Александр Полежаев - Стихотворения и поэмы
Лирика в силу своей специфики (сжатость текста) побуждала Полежаева к предельно обобщенным и лаконичным образам массы. Толпа здесь изображается непосредственно, как реальное окружение автобиографического героя, например — «народная толпа» в «Иване Великом». Иногда это «толпа знакомцев вероломных» («Раскаяние»).
В ряде стихотворений с условным сюжетом толпа — своеобразное действующее лицо. В «Осужденном», например, узник готовится к выходу на площадь, «кипящую» падкой на кровавые зрелища толпой. В «Песни пленного ирокезца» героя истязает целое скопище мучителей. А ему в этом кошмаре слышатся голоса теней умерших предков, которые обещают сойти на землю «совокупной толпой» и отомстить за него. В «Ренегате» «влюбленный сибарит» «пожирает взором» прелести многочисленных наложниц гарема.
Но толпа не только скученность и многочисленность. Она пространственно и духовно разводит людей и создает пустыню одиночества. Пребывание в кругу совершенно чуждых для себя людей Полежаев однажды сверхлаконично обозначил одной строкой-оксюмороном: «В толпе безлюдной» («Демон вдохновения»).

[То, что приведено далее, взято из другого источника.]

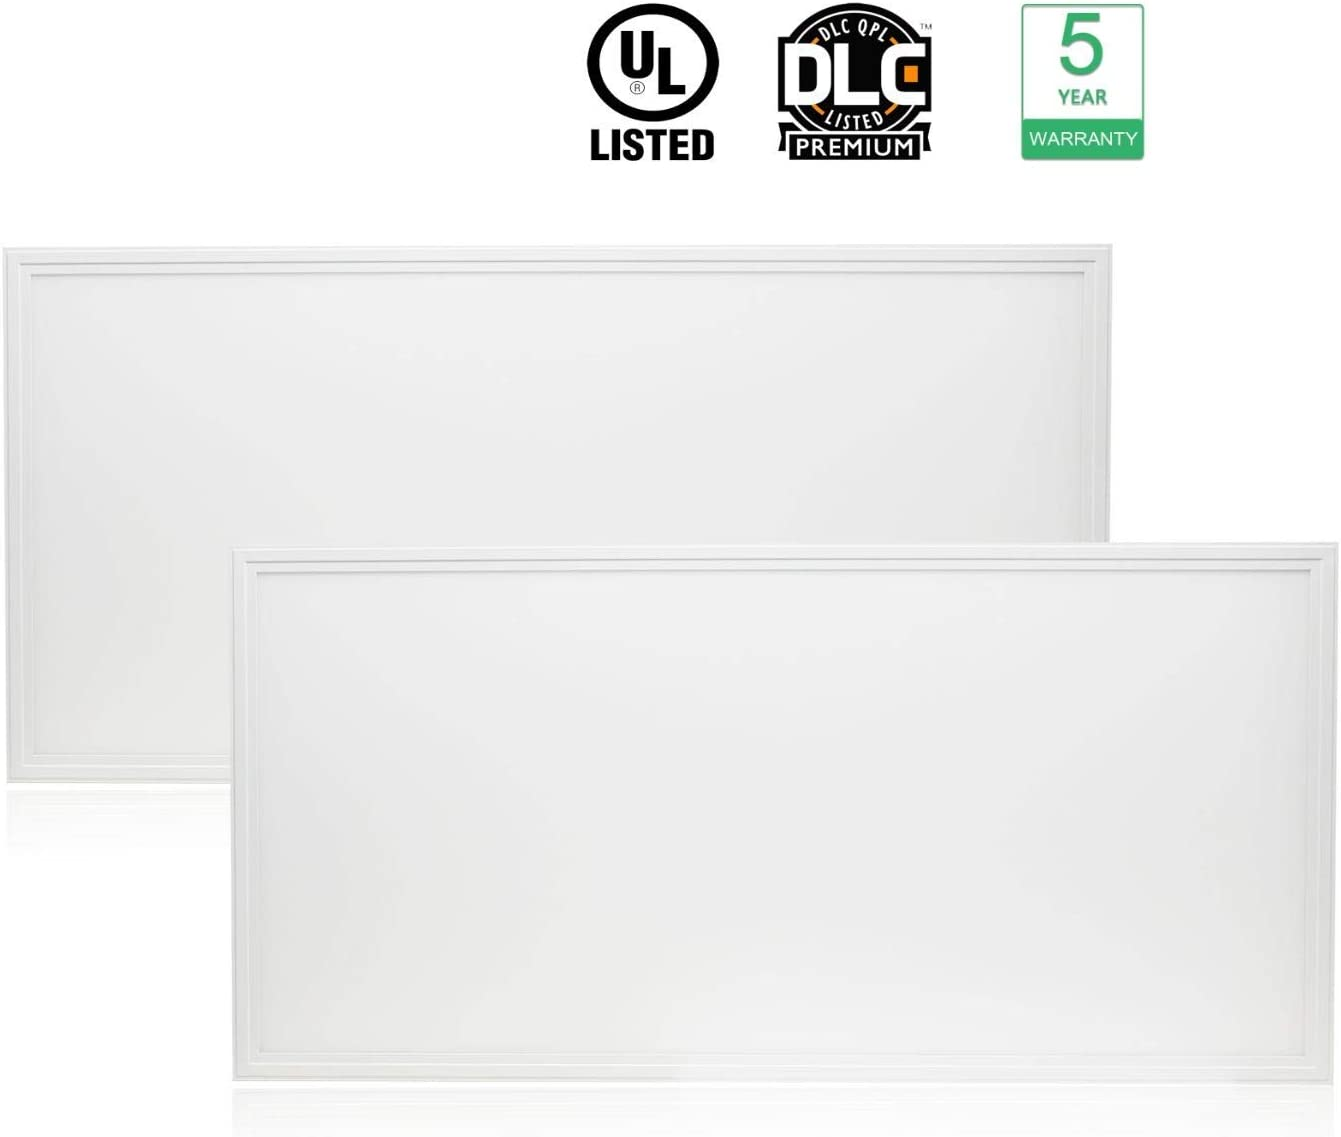 Cortelco LED Panel Light, Troffer Drop Ceiling Flat Panel Light 2x4FT, Dimmable 0-10V Edge-Lit Light Fixture, 48W, 6240Lumens, 5000K, DLC&UL Listed, 2 Pack

Гораздо интересней условно-метафорические образы человеческой массы. В «Песни погибающего пловца», которая могла бы служить превосходным эпиграфом ко всему творчеству Полежаева, море — это, конечно, житейское море. Одинокий отважный плаватель — сын моря (читай: людей, толпы), пренебрегший друзьями, «узами любови», оставил «мирный брег». Он возлюбил вольную жизнь на безбрежных просторах грозной стихии, где некоторое время удачно лавировал, и море терпело его дерзость до определенного момента, ополчившись затем на него, чтобы погубить смельчака. Конечно, емкий смысл стихотворения не сводится к сказанному. Буря на море — это и буря ожесточенных страстей толпы, но это и душевные потрясения самого пловца, от которых он безмерно устал. Этим объясняется финал «Песни» (герой примиряется с трагической участью), который так удивлял Белинского своей кроткой тональностью.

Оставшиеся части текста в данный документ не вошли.